Speaking with traces of her native South Carolina accent and holding me, until I raised a fuss because of photographers’ flashbulbs and was handed off to the nurse who accompanied us from Minnesota, she quickly disproved the stereotyped notion of the country bumpkin reporter.

Asked to compare journalism and life in the big city and rural America, she said she didn’t see much difference. “You write what you see and we write what we see,” the Times reported. “Of course, you see a more sophisticated kind of life here; we see the simpler things. But I think we’re trying fundamentally to do the same thing. I think that a journalist’s highest function is to present life as he and she sees it.”

The next day, she met with Mayor Fiorello LaGuardia and the daughter of President Roosevelt; visited Radio City, St. Patrick’s Cathedral, the Empire State building and the Statue of Liberty; and went night clubbing at the Stork Club and window shopping on Fifth Avenue. Three of the nation’s most influential columnists – Walter Winchell, Westbrook Pegler and Dorothy Kilgallen – even devoted entire columns to her.

That’s why I decided to mark the 80th anniversary of her 1936 trip, and recapture some of the memories as reported in the press coverage, by taking my two daughters to stay at the Waldorf on August 23. The hotel graciously provided an elaborate two-bedroom suite in the Tower at half price and we were welcomed by the staff, which was aware this was a special occasion.

The 30th-floor suite was impressive, to say the least. The Chrysler building loomed out of its windows, there was a huge lobby and even bigger main suite, a dining room and kitchen, and two large bedrooms. We guessed it was once occupied by General Douglas MacArthur or perhaps Marilyn Monroe.

We retraced many of my mother’s steps, including St. Patrick’s Cathedral, which she said disappointed her by its gothic vastness; the Statue of Liberty and Ellis Island, where her Irish father landed as an immigrant in the 1880s, and rubbed shoulders with countless people on Fifth Avenue and other crowded streets. And we had dinner at one of the city’s more than 25,000 restaurants, a pricey Italian grill, with several of my older daughter’s New York friends.

My mother, who died in 1984 at the age of 86, echoed the classic judgment of many visitors to New York by declaring that “I wouldn’t want to live here.
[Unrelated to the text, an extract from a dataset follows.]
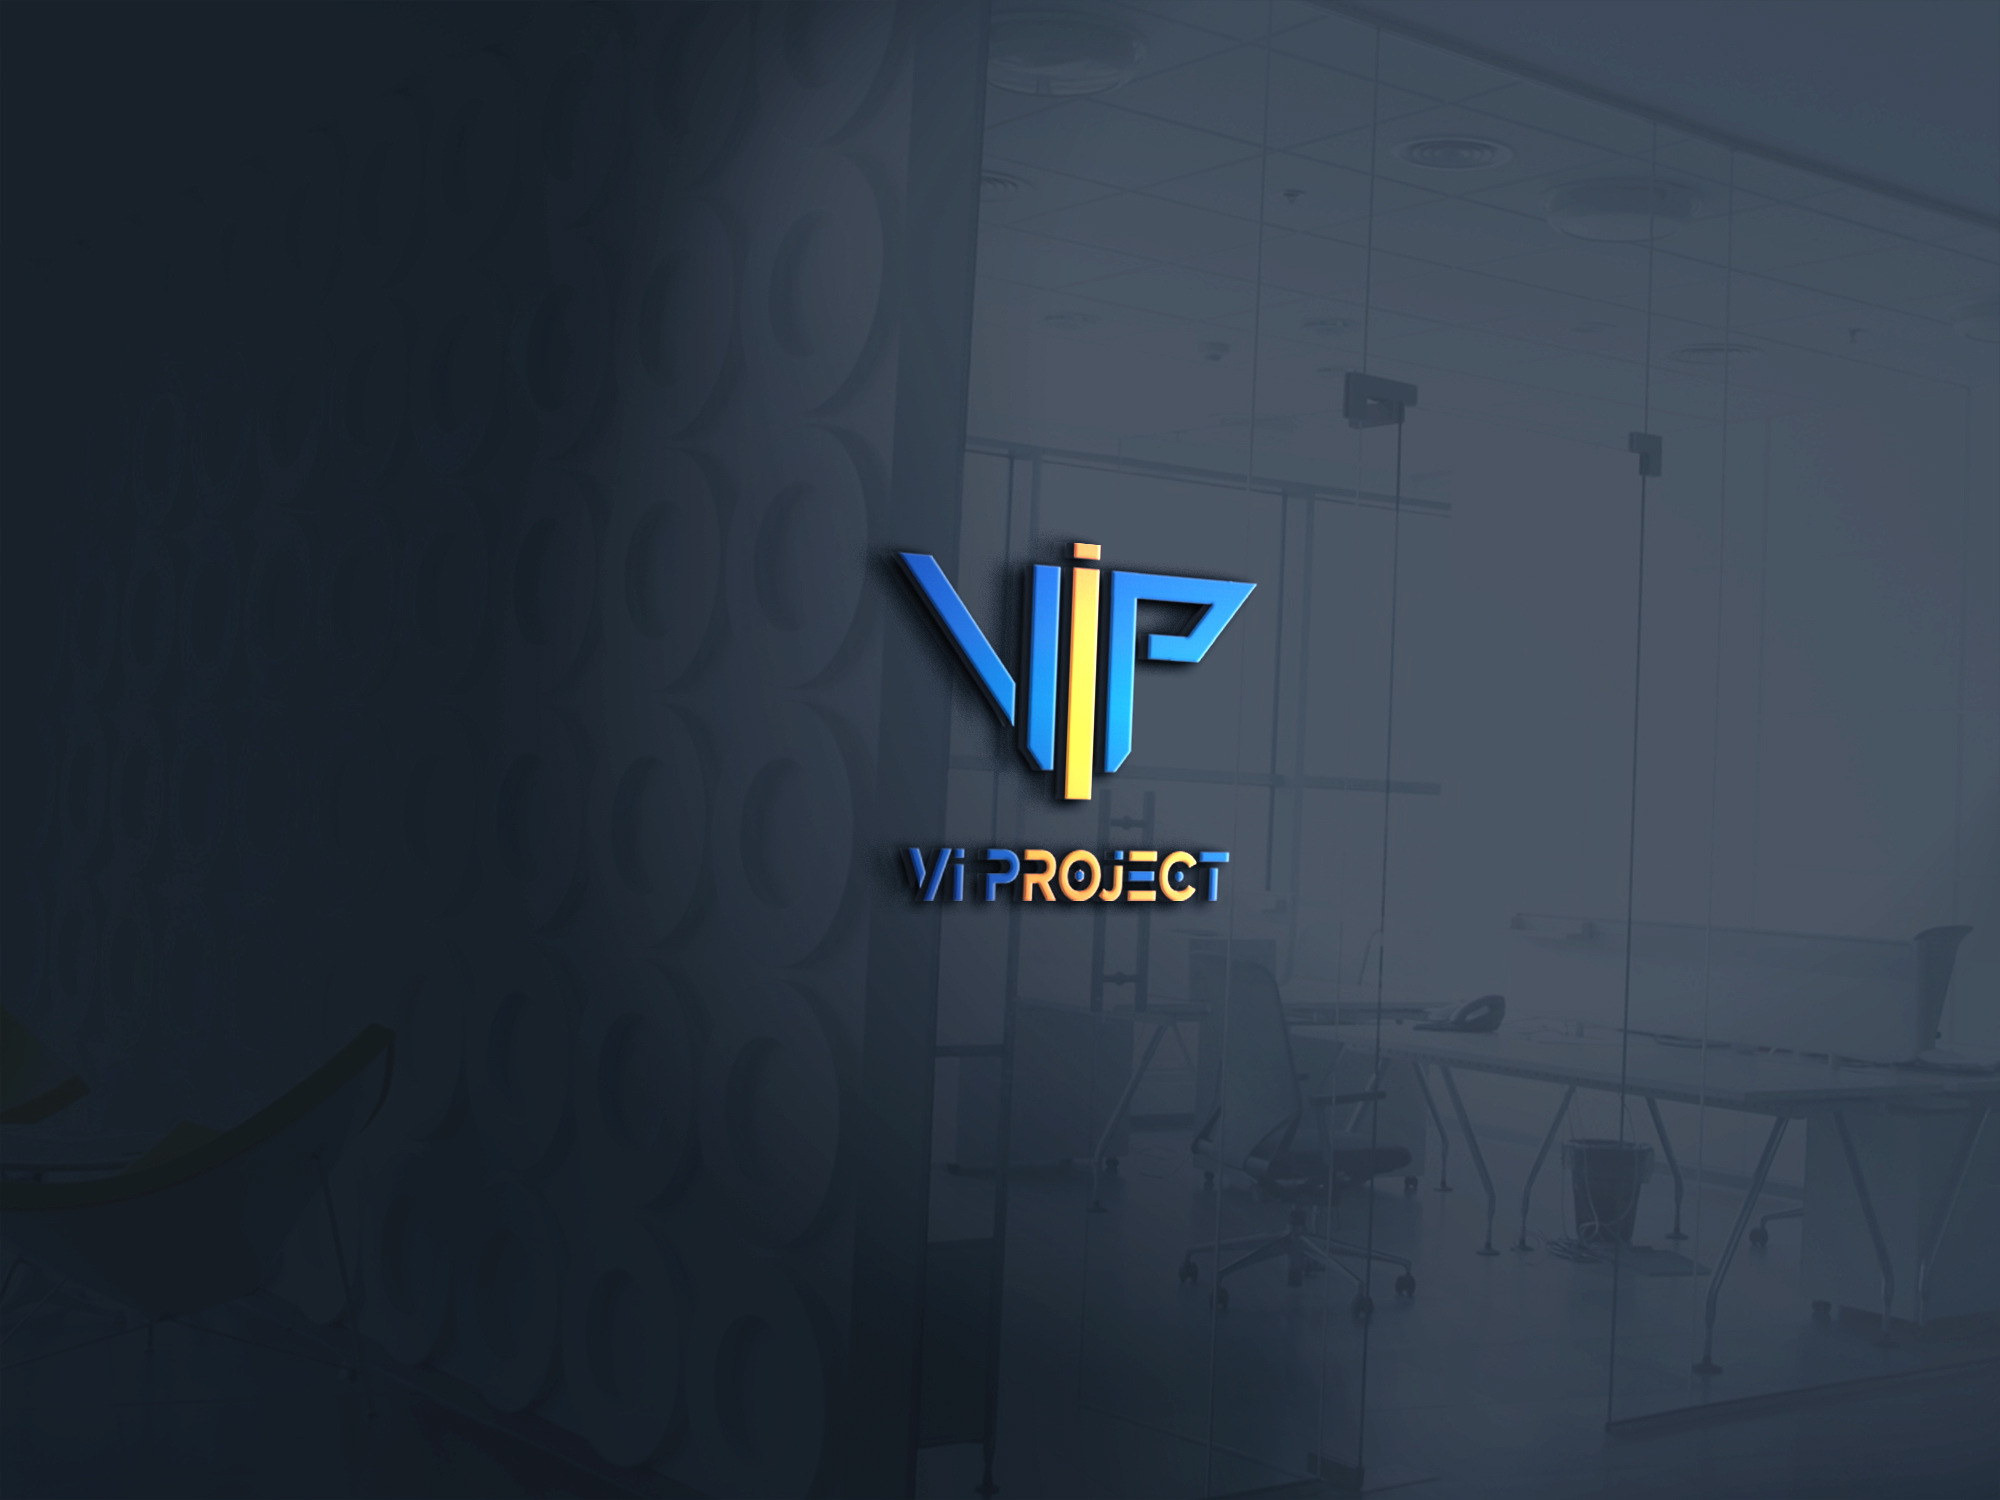 9320_VI_Project_logo_SA-mockup-01.jpg

I have my inspirations from the soil and I have to stay there to get them.” But she added that it was “bigger and more wonderful that I ever dreamed of.”

As we returned to our one-dimensional city of Washington from the multi-dimensional city of New York on our Amtrak train and watched Manhattan’s skyscrapers recede in the distance, we toasted my mother. But my daughters, both of them writers, and I agreed she was badly mistaken when asked on that August day in 1936 what her baby son would be when he grew up.

“Little Albert, she promised, would not be a writer,” the Herald Tribune reported. “I’ll be satisfied to make a good plain dirt farmer out of him. I don’t want him ever to get the writer’s itch.”